2900 calibrations are carried out every month in a New Jersey Pharmaceutical site. 500 of those are usually found to have failed and demand immediate attention. The other 2400 are scheduled, based on the written protocols, and of these 400 are found to be out of calibration. It is therefore important to make sure that you carry out good manufacturing practices so that you can detect these problems before they affect the quality of your product.

5 Guidelines for Instrument and Calibration Sourcing

1. Best Practice Laboratories:
Usually when you purchase a monitoring instrument, it will be pre-calibrated and will arrive with a certificate to that effect. However, in order to get devices that are reliable and accurate, you need to order them from a manufacturer who is keen on calibration best practice. You need to find out if they are accredited and if they adhere to ISO 17025 standards. These are standards that were introduced in the year 1999 for instrument calibration facilities. When a lab is accredited, its competence has been confirmed as well as the fact that it adheres to a quality system that is documented.

2. Improve the Accuracy of the Instrument:
You also need to make sure that you purchase accurate monitoring instruments. A laboratory may work to calibrate and instrument, but the instrument itself has performance limits that are inherent. If the instrument has an accuracy of plus or minus 1°C the calibration at the very best laboratory will still have an uncertainty of plus or minus 0.02°C. As such, even the very best calibration services will not be able to make any improvements on the specifications that the instrument itself has.

3. Instrument Calibrated by NIST:
NIST stands for the National Institute of Standards and Technology. Many times when people are making an instrument purchase they want to know if the instrument can be traced back to NIST. Unfortunately, just because an instrument is NIST traceable does not reveal how it will perform. There is absolutely no relation to the accuracy of the instrument.

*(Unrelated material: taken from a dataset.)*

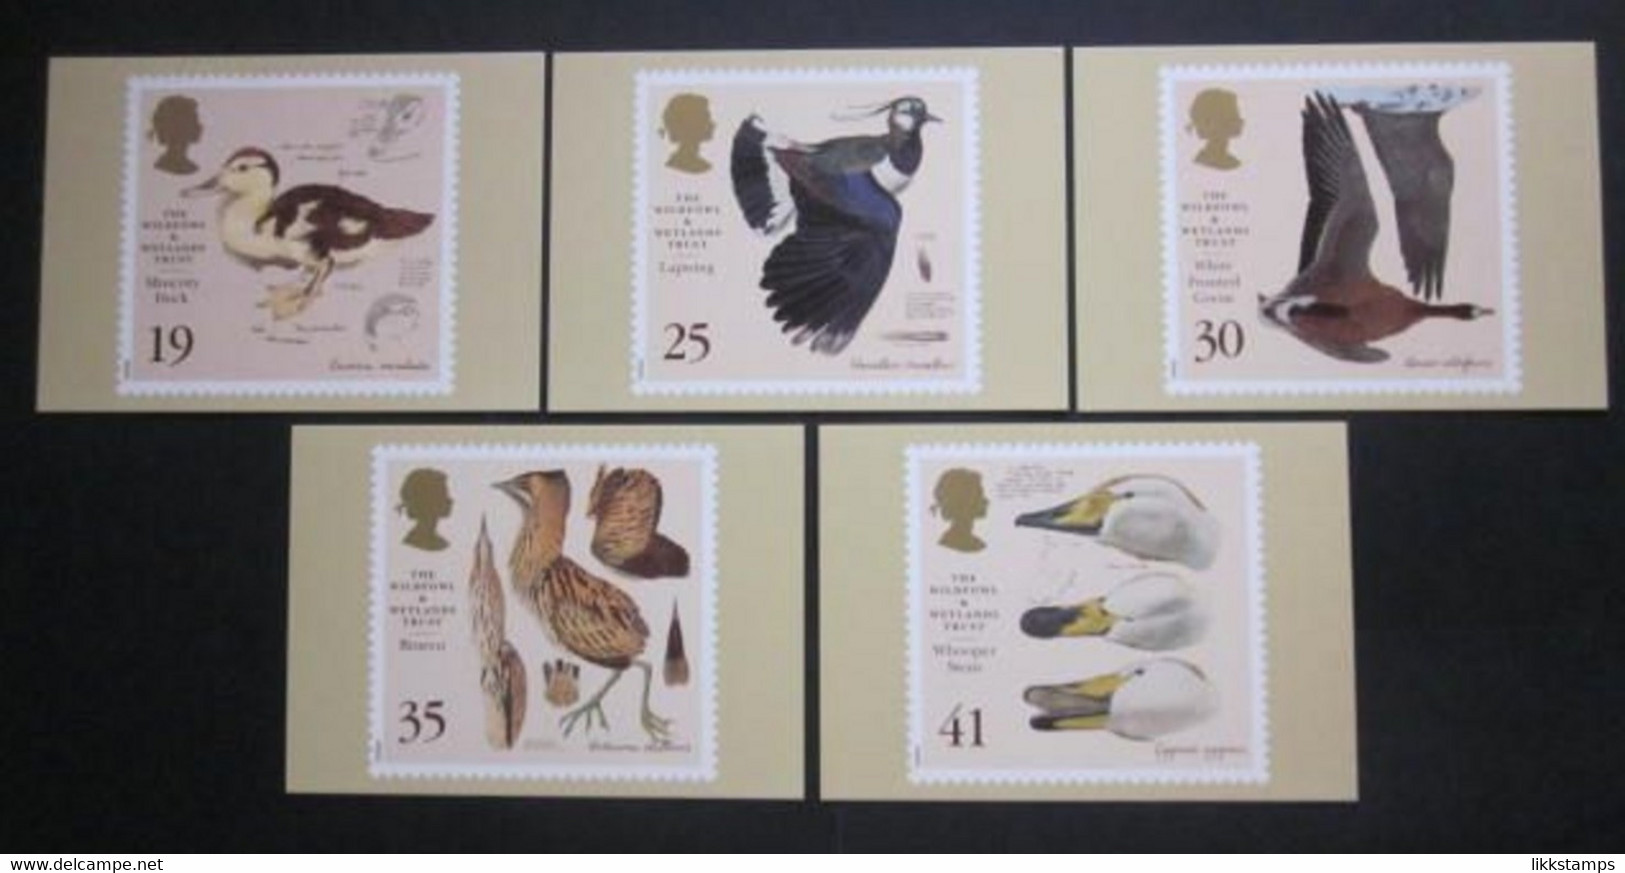 1996 THE 50th ANNIVERSARY OF THE WILDFOWL AND WETLANDS TRUST P.H.Q. CARDS UNUSED, ISSUE No. 177 (C) #01126 - Cartes PHQ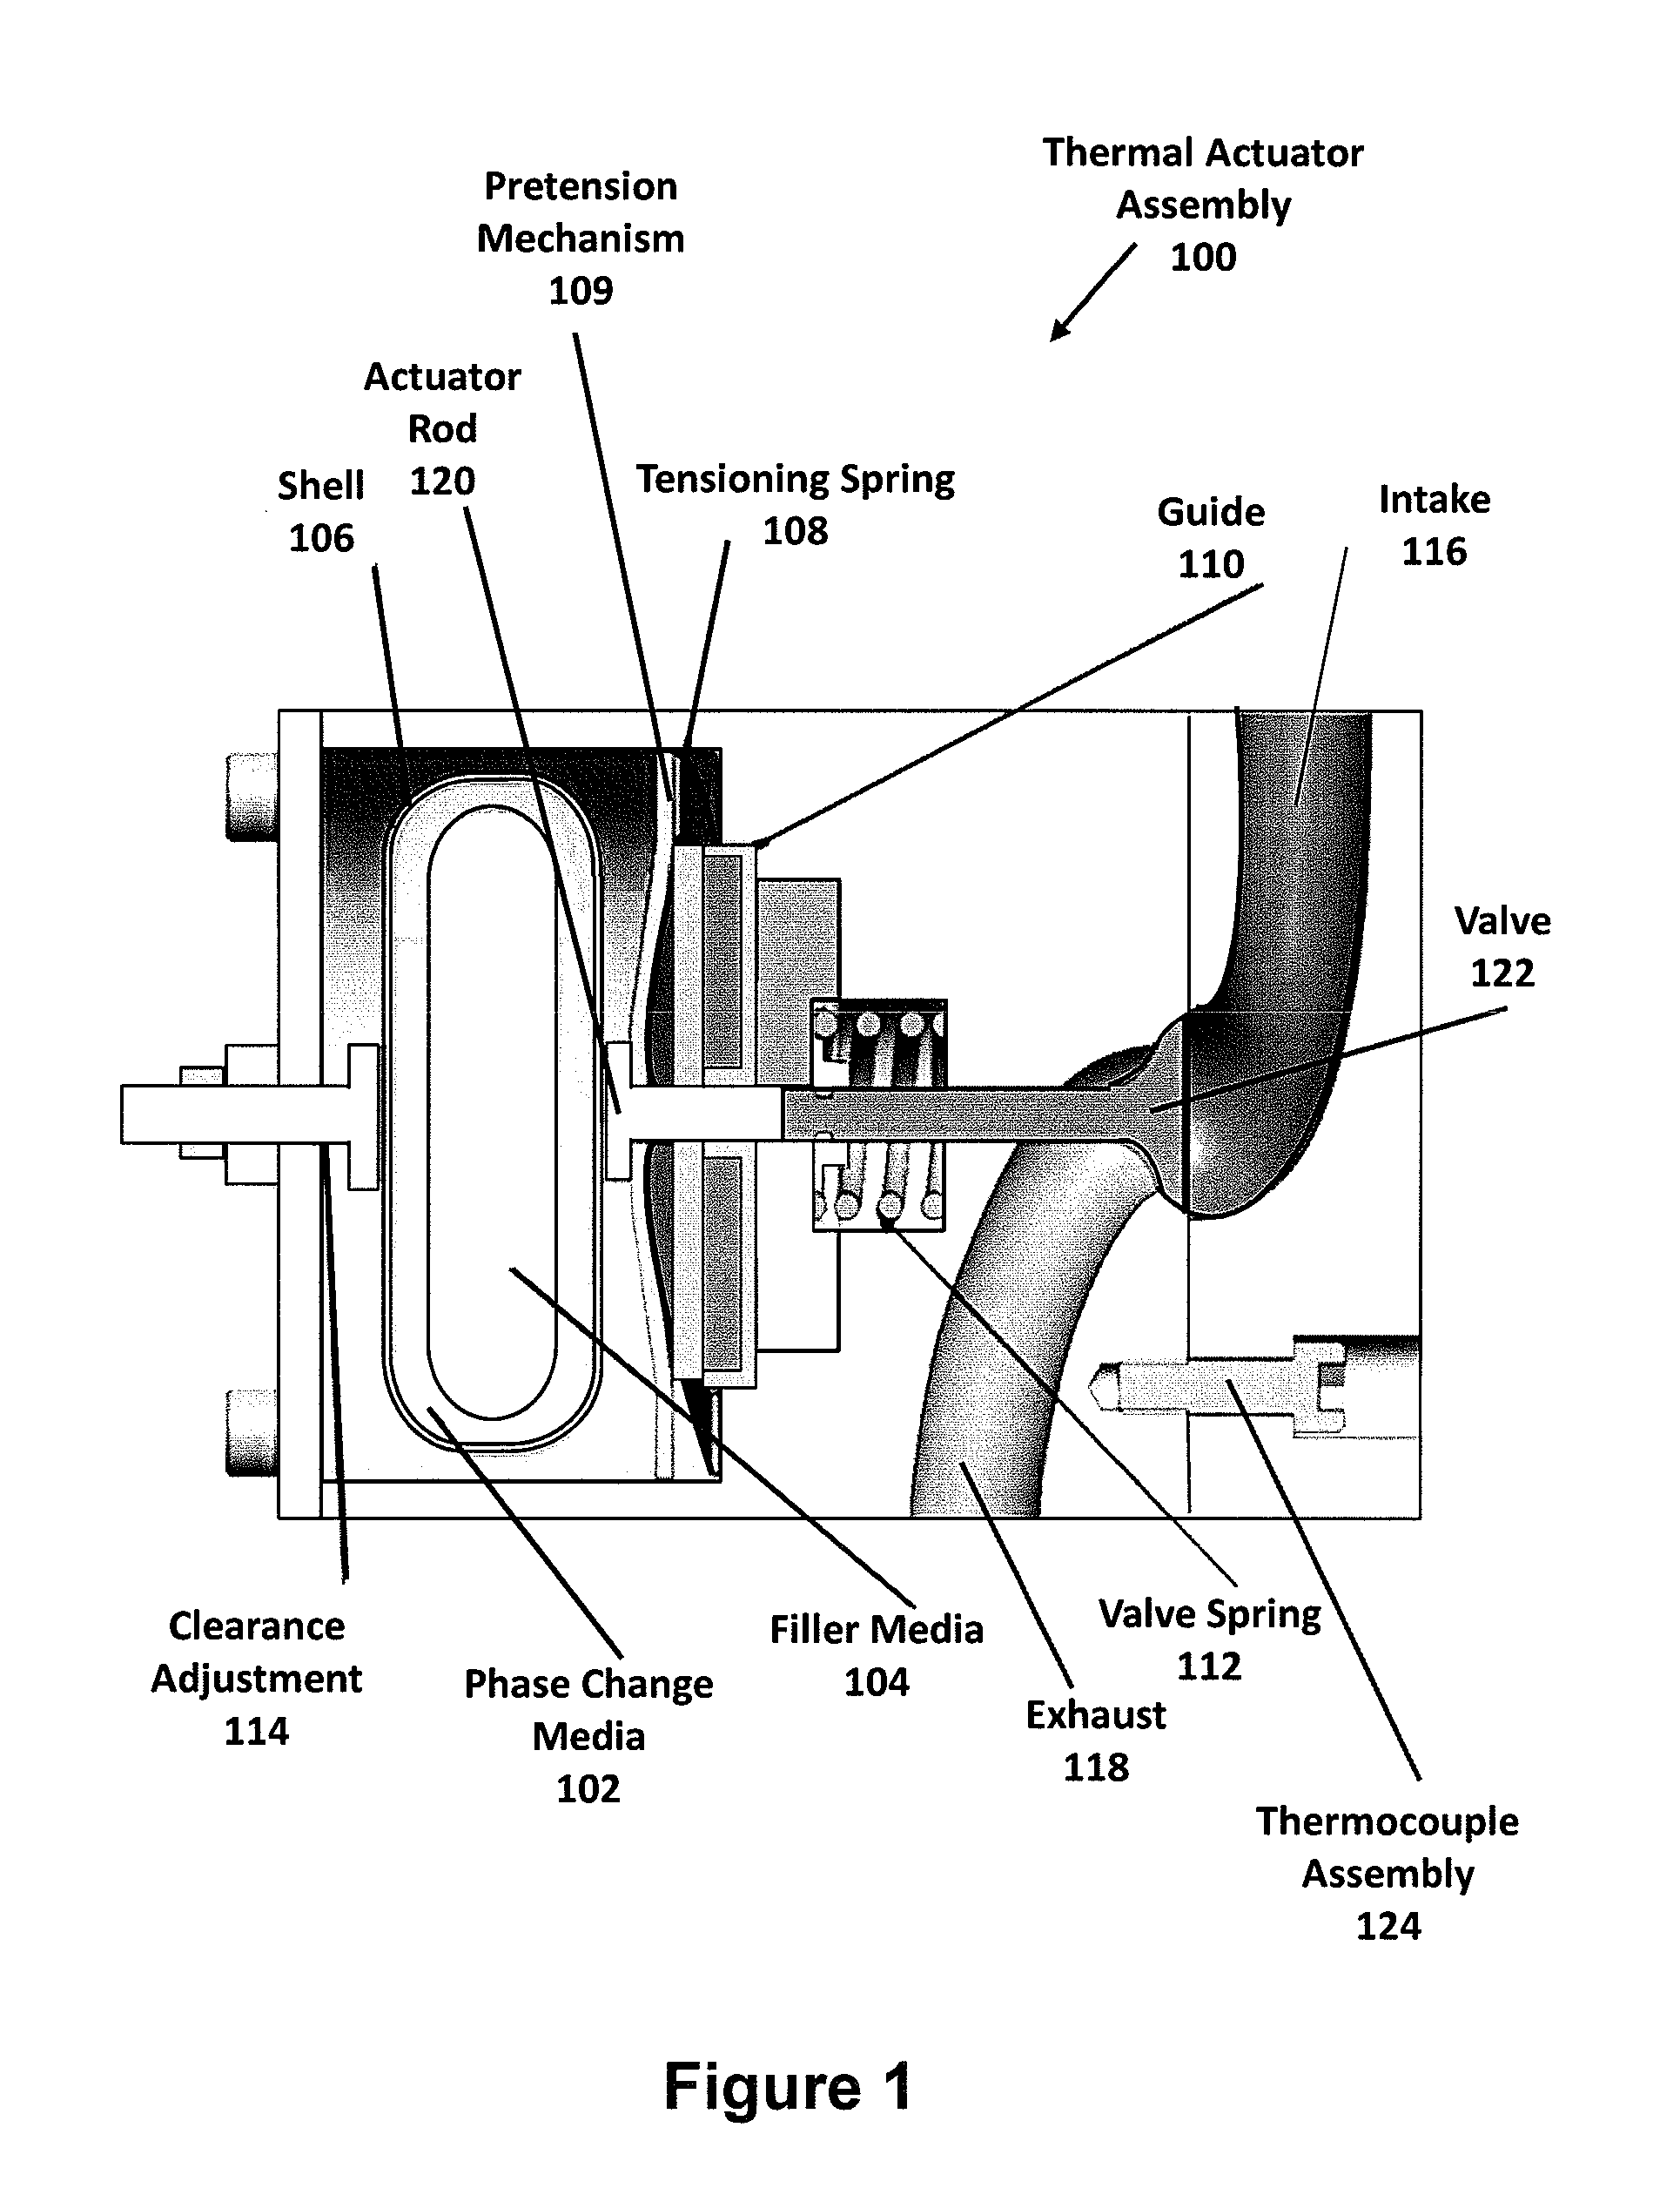 High-temperature thermal actuator utilizing phase change material

4. Calibration should Incorporate Test Points:
When it comes to calibrations, the test points incorporated should be a reflection of the various parameters that you are expecting the instrument to measure. This will prove its performance definitively. It is important, when you are dealing with industry regulators, to be able to show them that you tested the instrument across the entire range of operating conditions that it is expected to operate in.

5. Accurate Data:
Interestingly, there are manufacturers of monitoring instruments who will refuse to disclose how long they expect their instrument to remain in calibration before it needs to be re-calibrated. Without this information, this instrument may end up being a wildcard that will adversely affect your system. When the time to re-calibrate comes and you are without any specification, you may find yourself with a problem. Even though with time all instrument sensors tend to drift, a manufacturer should be able to tell you what the accuracy of his instrument will be 6 months to a year from the time you start using it.

When it comes to managing quality, instrument calibration is something that must be taken quite seriously. Your calibration processes are integral in making your quality system work the way it is meant to. Your calibration program should address the following in order to guarantee a great validation process:

  • Measurement range
  • Monitoring instrument stability
  • Monitoring instrument accuracy

Using calibration best practices you will be able to avoid compromising the quality of your products as well as incurring considerable financial losses. Knowing just how stable your measuring system is over time will help to prevent accidental consequences when your documentation is finally reviewed by a customer or the FDA in an audit.